One of the country's largest mortgage lenders, FHB said in a statement that it bought out a HUF252m (€820,250) capital increase by Takarekbank held on February 3.

It has long been speculated that FHB is planning to take control of Takarekbank, the umbrella bank for the country's savings cooperatives, with the state set to sell its 55% stake within two months. But a spokesman for FHB declined to say whether whether the bank wants to buy that stake too, reports Reuters. Hungary is set to sell its Takarekbank stake by March 15, reports Bloomberg, referring to a cabinet decision in December.

Ahead of the capital increase, the state held a stake of more than 35% in Takarekbank through state development bank MFB, and a further 19.3% stake via Hungarian Post.

FHB is seeing "organic growth" from Hungary's improving macroeconomic environment and increasing margins, Jozsef Miro, an equity analyst at Erste told Bloomberg in mid-January. In addition, the banks shares have more than doubled in price since mid-October on the back of speculation of a Takarekbank purchase. FHB chairman Zoltan Speder, this year increased his shareholding in FHB to 20%.

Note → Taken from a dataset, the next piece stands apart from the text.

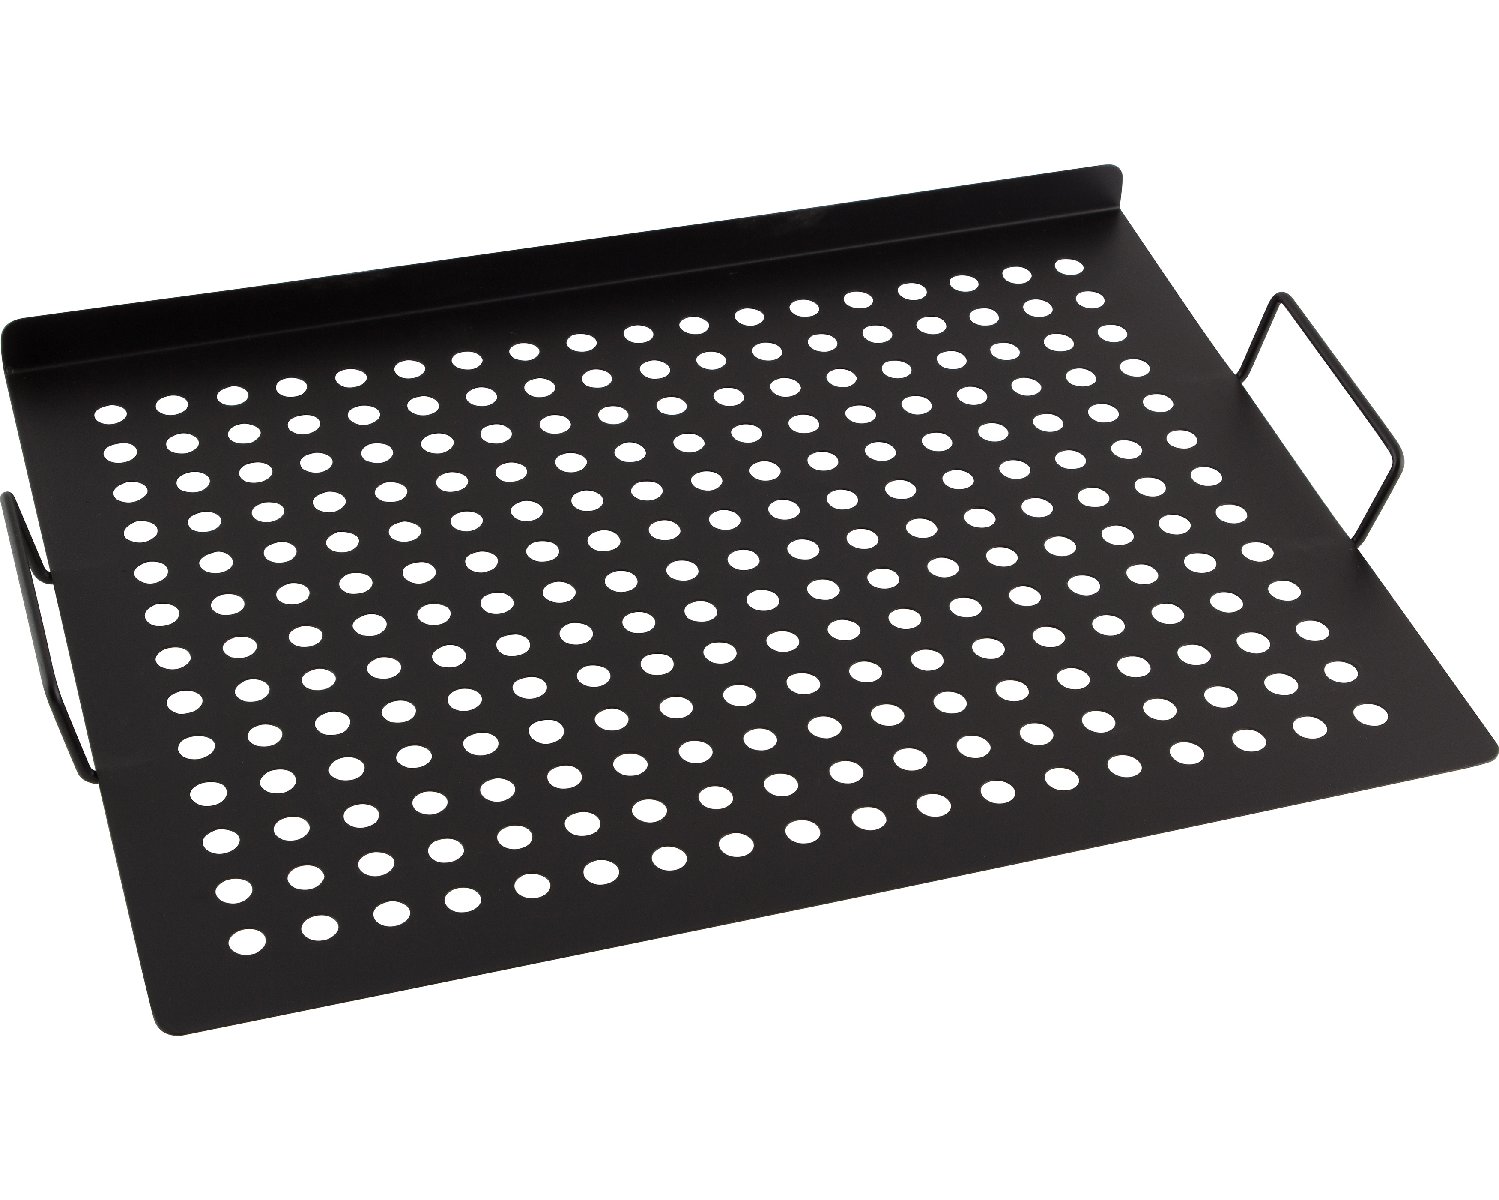 Решетка для мангала гриля с антипригарным покрытием ECOS RD-667, р-р 30x40см. (999667)Купить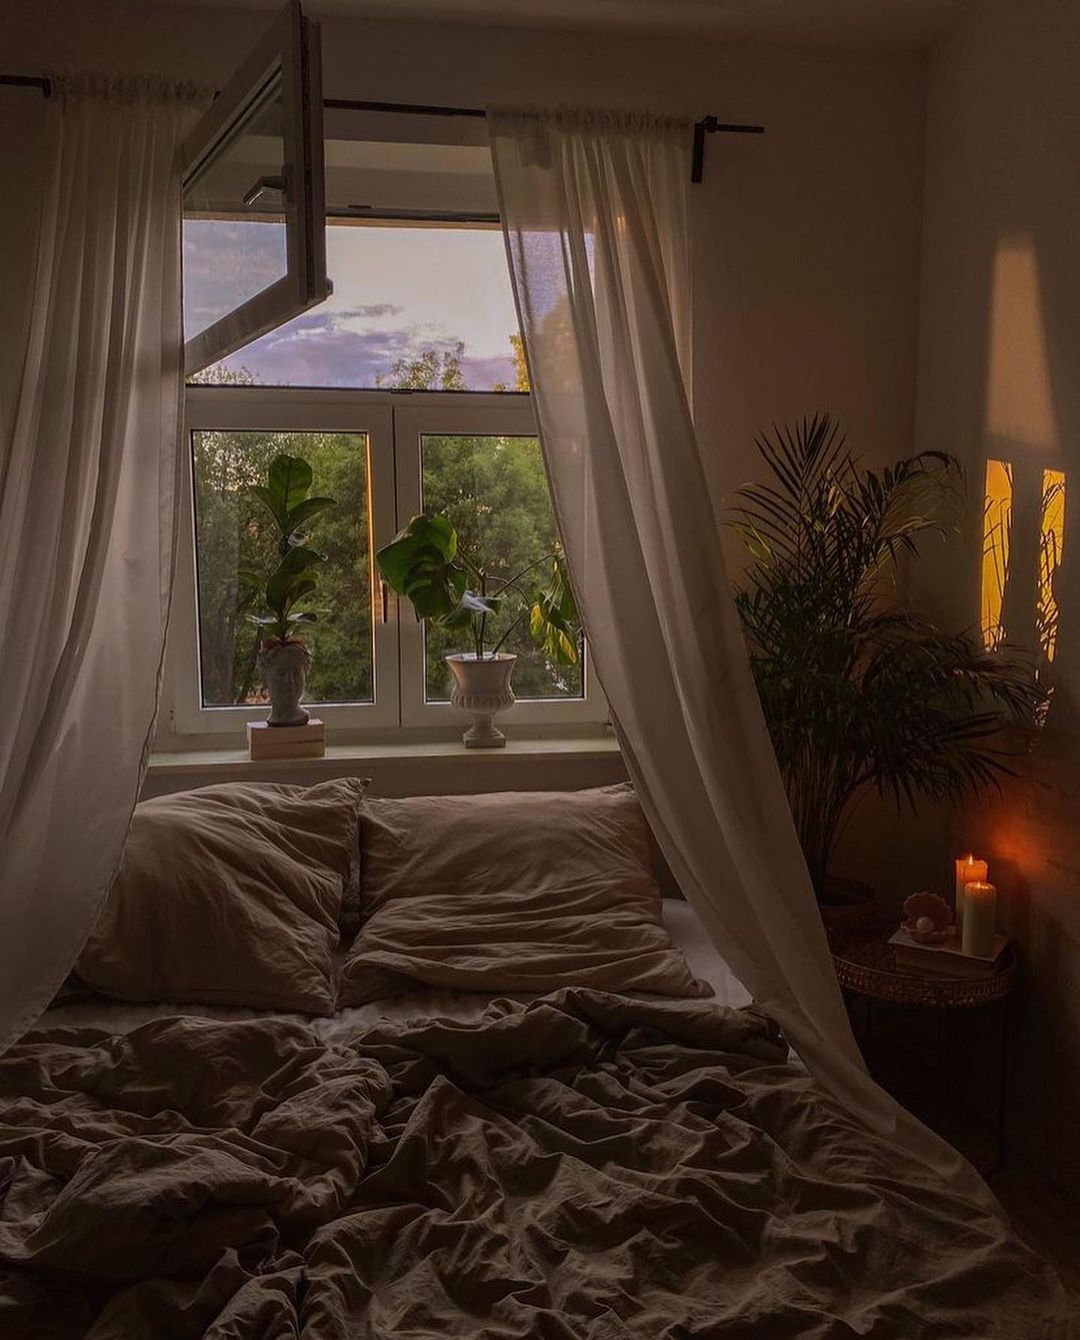 Top 10 Winter Bedroom Essentials You Need In 2023 | Room Decor Tips ...

The Takarekbank network - 1,600 outlets, constituting close to 40% of total bank branches in the country - is seen as important for the centre-right, paternalistic Fidesz government. Its branches are, for the most part, set in smaller towns in rural Hungary, where support is at its greatest.

The government has recently been concentrating on developing alternative means of getting credit to the economy, its rough treatment of the major banks having seen lending virtually come to a standstill. The central bank's Funding for Growth scheme to small business and for house improvements is seen as vital to keep Hungary's economic recovery on track. Takarekbank was thrust to the forefront of the scheme as it started up earlier this year, despite holding just a 5% market share overall at the time.

MFB bought its stake in Takarekbank from Germany's DZ Bank in 2012, as part of Orban's strategy for the state to fill the lending void. In June, Budapest unveiled a plan to pump HUF100bn (€335m) into Takarekbank to prepare it for the role. A spokesman explained at the time that the cash would be used to "reorganize" the country's cooperative banks.

The likely sale to FHB suggests that with loyalists now in control at the central bank and driving lending, the government is happy to have local investors help develop Hungarian banking.